Man has been threatening people on the Brooklyn Heights Promenade
NYPD warns to be aware
BROOKLYN HEIGHTS — Someone has been harassing and threatening people on the Brooklyn Heights Promenade, and authorities want residents to be on the alert.
Heights resident Thomas Tyler was sitting with his partner of 33 years on a shady bench in the circular north end of the Promenade on the afternoon of Monday, July 31, when a man started to verbally harass him and his partner, who is in a motorized wheelchair. Both men are in their 70s.
“I noticed he was just standing there but I didn’t think anything of it,” Tyler told the Brooklyn Eagle. “[Then] he said, ‘Stop staring at me; stop looking at me.’
“I said, ‘I’m not looking at you, please stop,’” Tyler said. “He moved to the other side of us and proceeded to threaten us. He mumbled, ‘I’m going to slice you up; I’m going to rob you.’
“I said to my partner, ‘Let’s get out of here,’” Tyler said. “There was another gentleman there [in the circular area] reading a book. I said to him, ‘Did you hear what was going on over there? If I was you, I would leave.’ He got up and left.”
Tyler said it was hard to be certain of the man’s description from a distance, but he appeared to be in his 30s, very dark African American, “almost physically like Chris Rock but a little bit taller. He had a little black bag.”
Another Heights resident, who does not want her name used, told the Eagle that about a month ago she also noticed a threatening person on the Promenade in the circular section at the north end.
“I walk the Promenade every day, and would see a man sitting on those benches, and sometimes he could be heard shouting or starting to get aggressive.” She said she didn’t get close enough to get a good description of the man. “I also know that there is more than one homeless person with mental health issues seen in that area,” she added.
Police are still investigating the Aug. 1 brutal slashing of a 22-year-old man in the same circular area of the Promenade. The suspect, who has not been identified, is still on the loose.
After reading about this attack in the Eagle, another reader told this paper he was threatened in the same location in the same way in June.
“I was threatened over there in a very similar manner (anti-gay slurs) and in the same section (very end with globe and benches) as the article refers to, in the middle of June.
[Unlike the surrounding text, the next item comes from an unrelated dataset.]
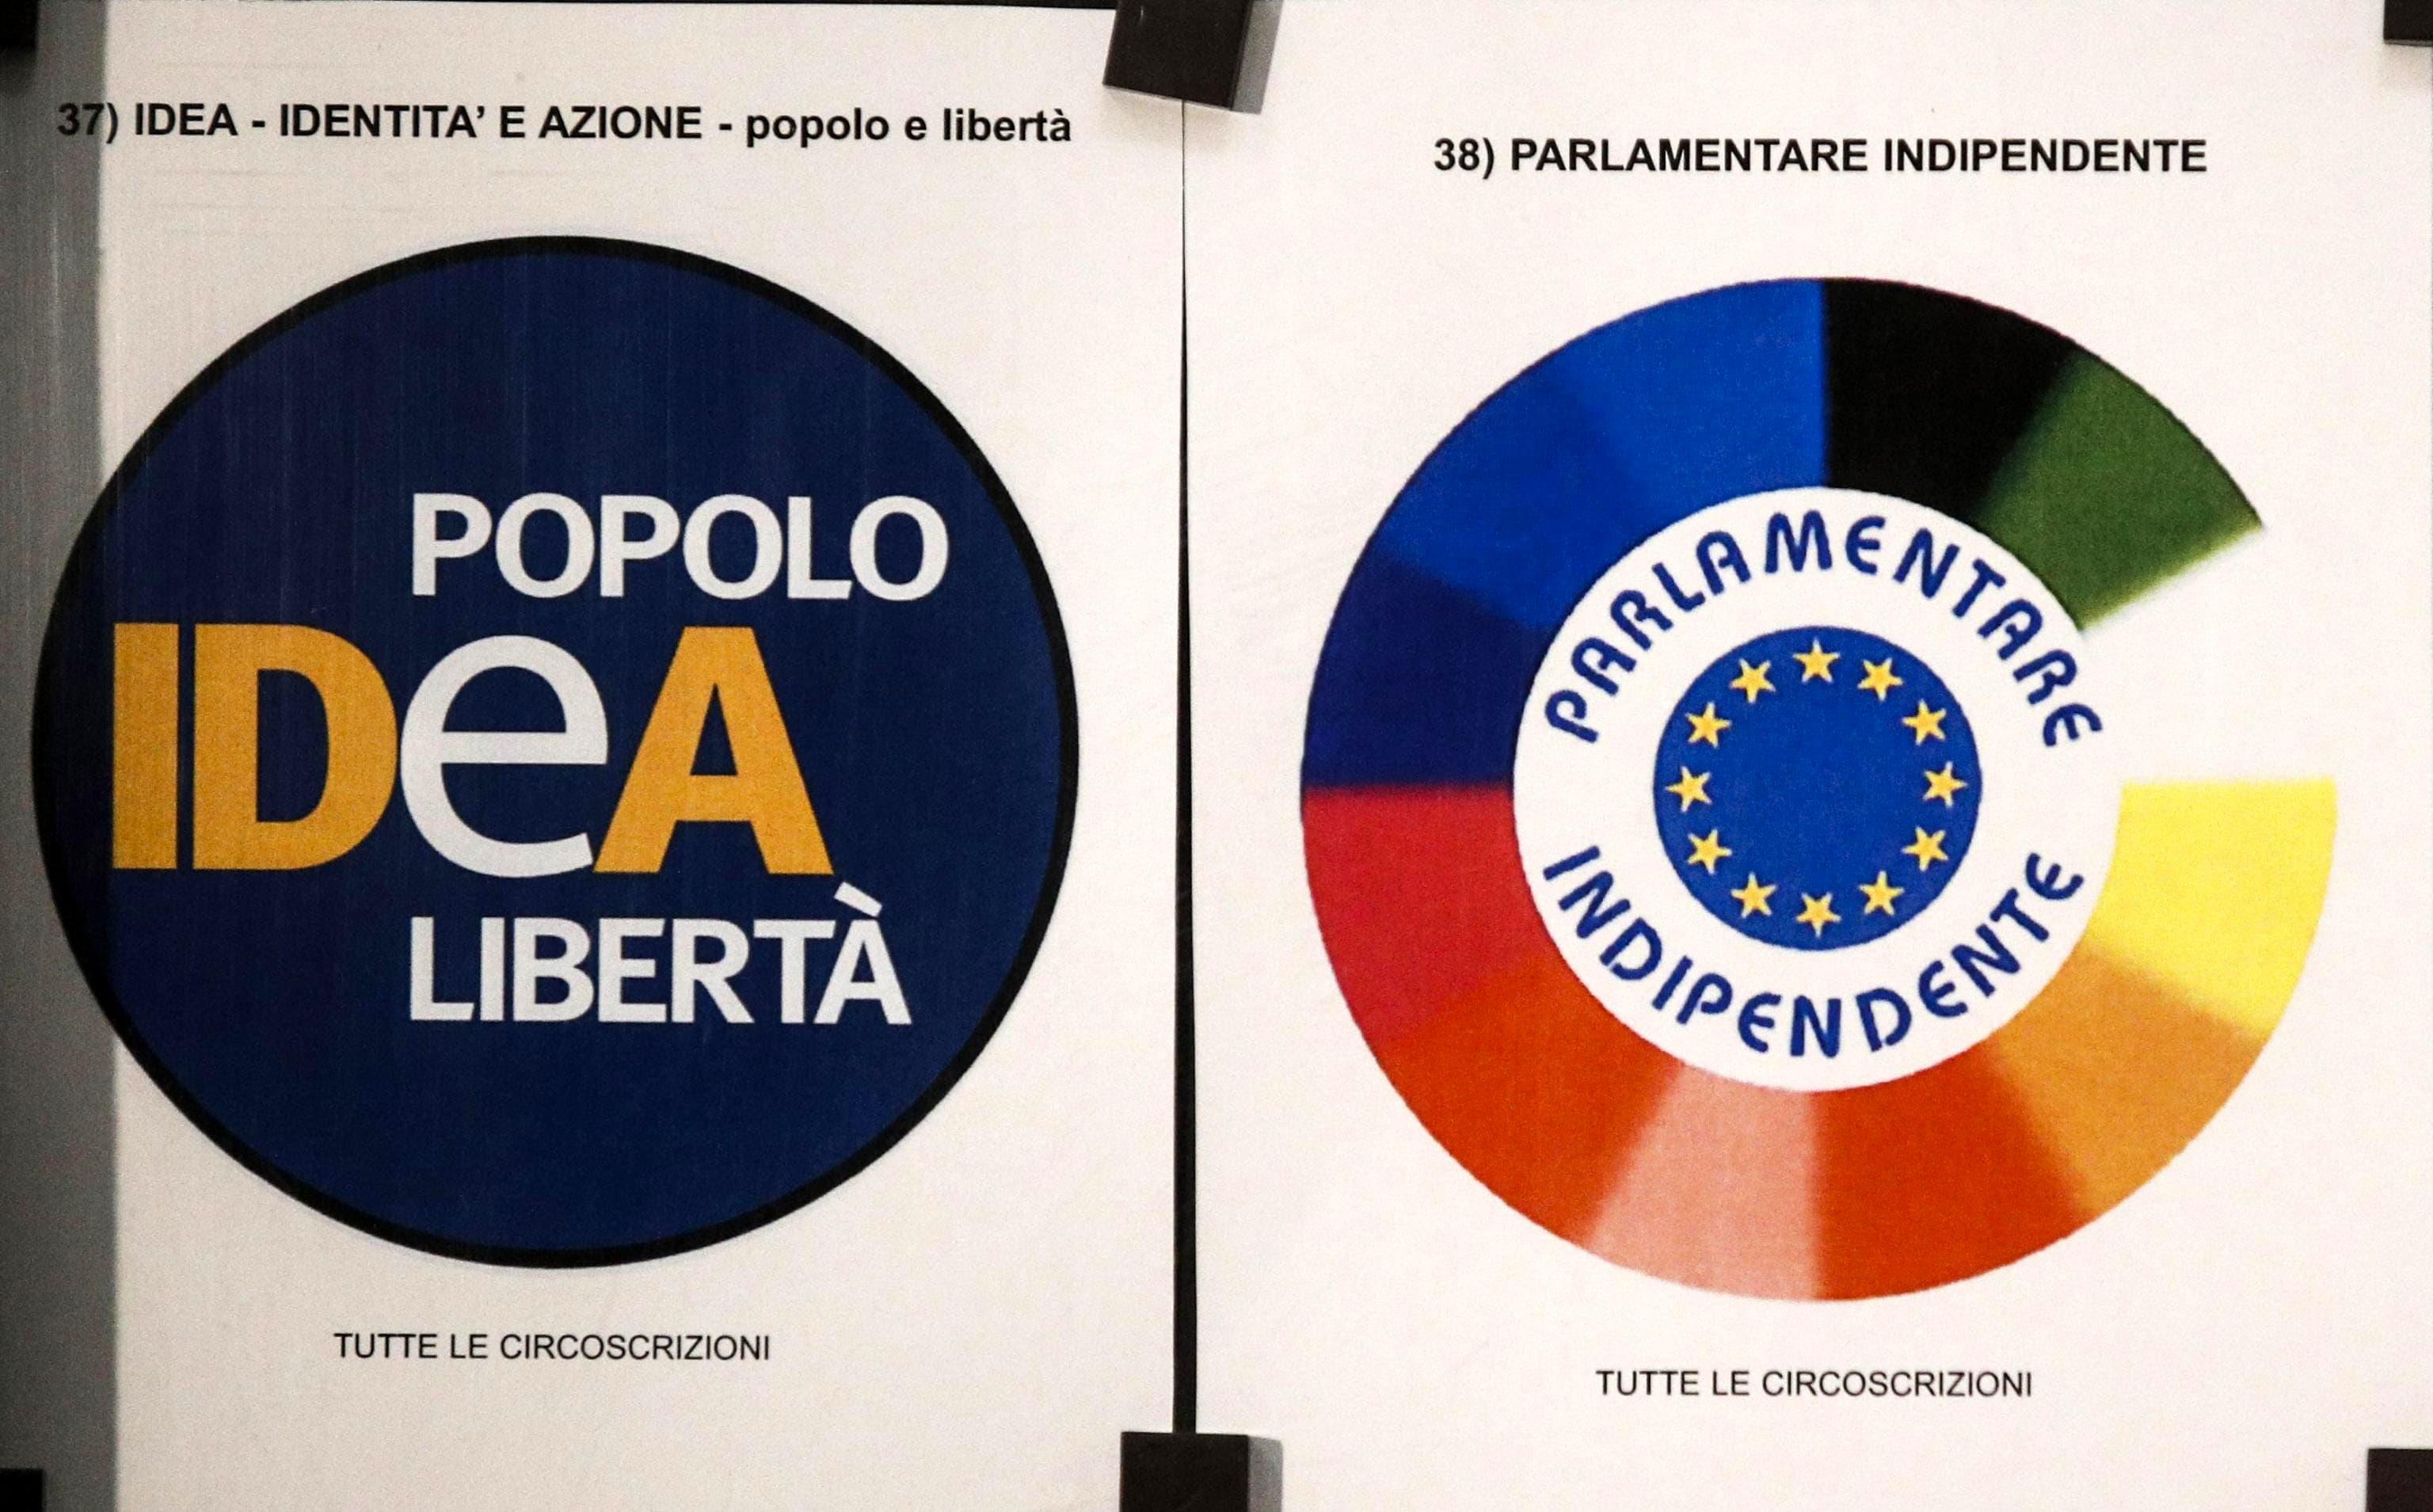 elezioni europee simboli depositati-2

I just kept my distance and walked away quickly,” the reader said. “The man threatening me was middle aged, Black, average height.”
“There has been a dramatic increase in vagrants in the area that seem to be using hard drugs and are not in touch with reality,” Jennifer, an Orange Street resident, said. “I’ve called 311 and the local precinct numerous times to express concern and ask for increased patrols. My calls have gone unanswered and men who appear to have mental health issues are still living on the Promenade and in [Brooklyn Bridge Park].”
In yet another description of a threatening person at the north end of the Promenade, a Heights resident wrote in a private Facebook group, “There is a really vicious, violent, homophobic homeless man that has been sleeping on the Brooklyn Heights Promenade for a few weeks. And he’s terrorizing the neighbors. This man has not only started to target me, but I can’t even enjoy my walks anymore because he recognizes me before I even see him and he starts to go towards me and intimidate me like he’s about to hurt me, while threatening me and yelling homophobic profanities. I want it to stop and he needs to get out of here because this is no way to live. Has anyone seen this man, too?”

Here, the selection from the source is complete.